It’s good news and bad news for Jeb Bush and his supporters in a new Quinnipiac survey of Republican primary voters in Florida.
The former governor continues to lead the field of potential 2016 candidates with 24 percent. That’s 9 percentage points more than the next candidate in Florida, Wisconsin Gov. Scott Walker, who comes in at 15 percent. Marco Rubio is a close third with 12 percent.
However that’s an 8-point drop for Bush since the last time Quinnipiac polled Florida voters two months ago, when he topped the field with 32 percent of the vote.
“Bush has a lead over the field in his home state of Florida, but it’s not anywhere near insurmountable, ” said Peter A. Brown, assistant director of the Quinnipiac Poll.

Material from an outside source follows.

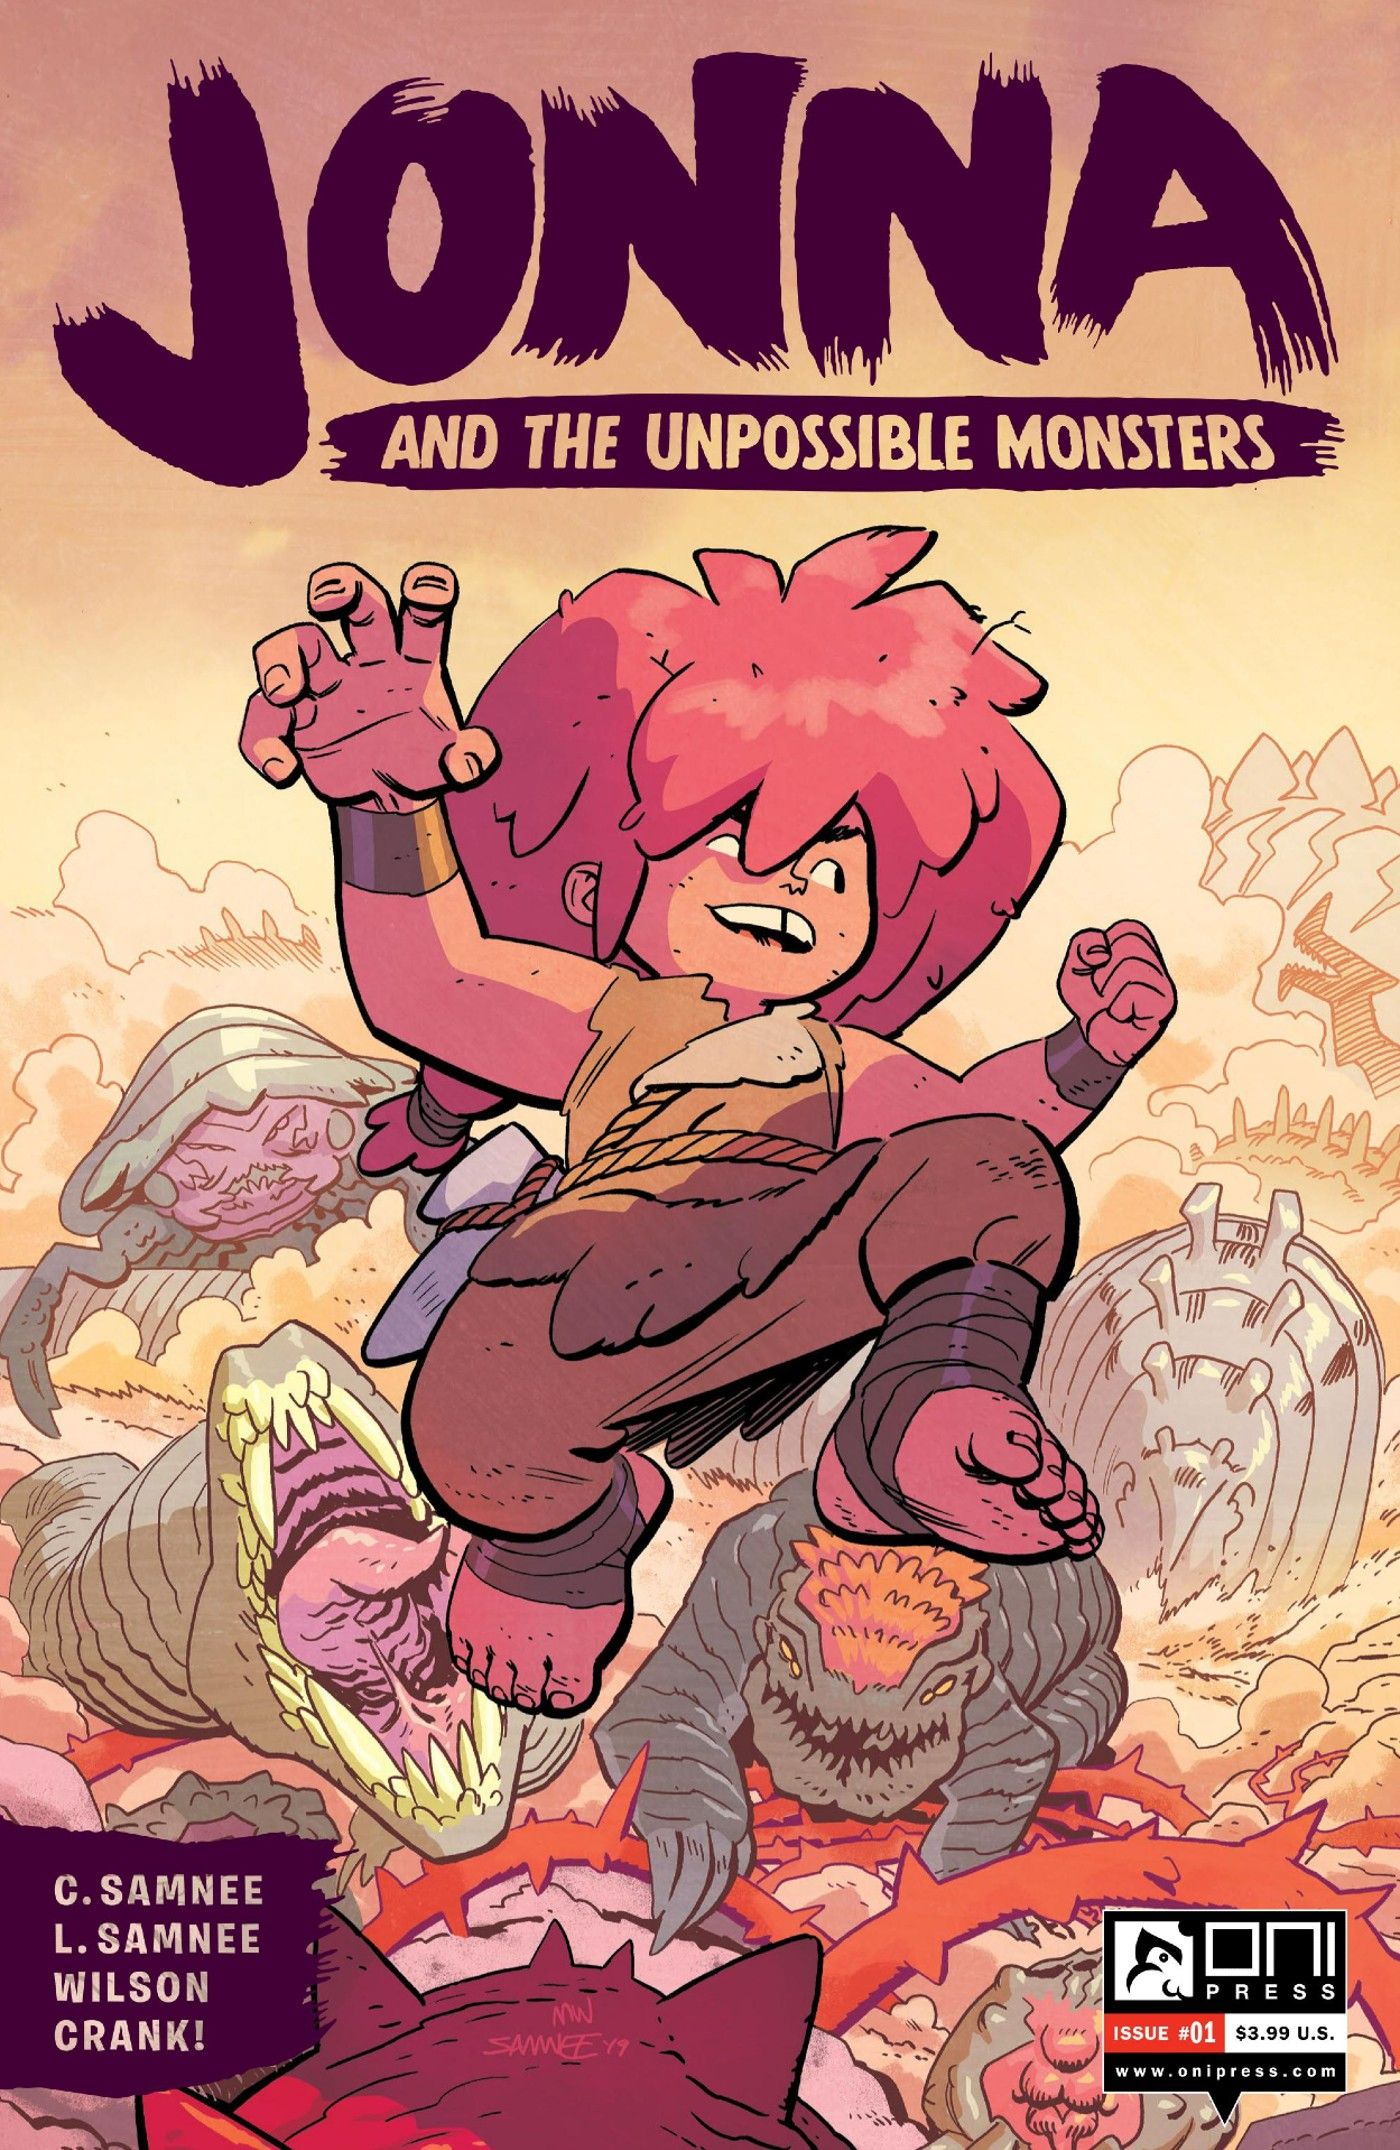 Read The Full First Issue of JONNA AND THE UNPOSSIBLE MONSTERS Now (Exclusive)

Ben Carson is fourth in the poll in Florida with 8 percent; Texas U.S. Sen. Ted Cruz is at 7 percent; former Arkansas Gov. Mike Huckabee is at 6 percent; Kentucky U.S. Sen Rand Paul at 4 percent; former Texas Gov. Rick Perry at 2 percent; and New Jersey Gov. Chris Christie and Ohio Gov. John Kasich are are 1 percent.
Rubio is the top second choice for Florida Republicans after Bush, getting 21 percent support.
On the Democratic side, no surprise: former Secretary of State Hillary Clinton continues to dominate the field with 65 percent. Vice President Joe Biden is next at 11 percent. Massachusetts U.S. Sen. Elizabeth Warren is at 7 percent. Vermont socialist U.S. Sen. Bernie Sanders is at 3 percent. Former Virginia U.S. Sen. Jim Webb comes in at 2 percent.
Quinnipiac also did surveys in the swing states of Pennsylvania and Ohio.
In the Buckeye state, Kasich gets the native son vote with 20 percent, with Walker, Cruz and Huckabee at 9 percent each, Bush is at 8 percent, compared with 10 percent Feb. 4, and Carson at 8 percent.
In Pennsylvania: Walker is at 14 percent with 9 percent each for Carson, former Pennsylvania U.S. Sen. Rick Santorum and Bush, who was at 12 percent this past month.
The Florida Quinnipiac survey included 428 registered Republicans with a margin of sampling error of +/- 4.7 percentage points and 344 registered Democrats with a margin of sampling error of +/- 5.3 percentage points. It took place from March 17 to 28 through Florida.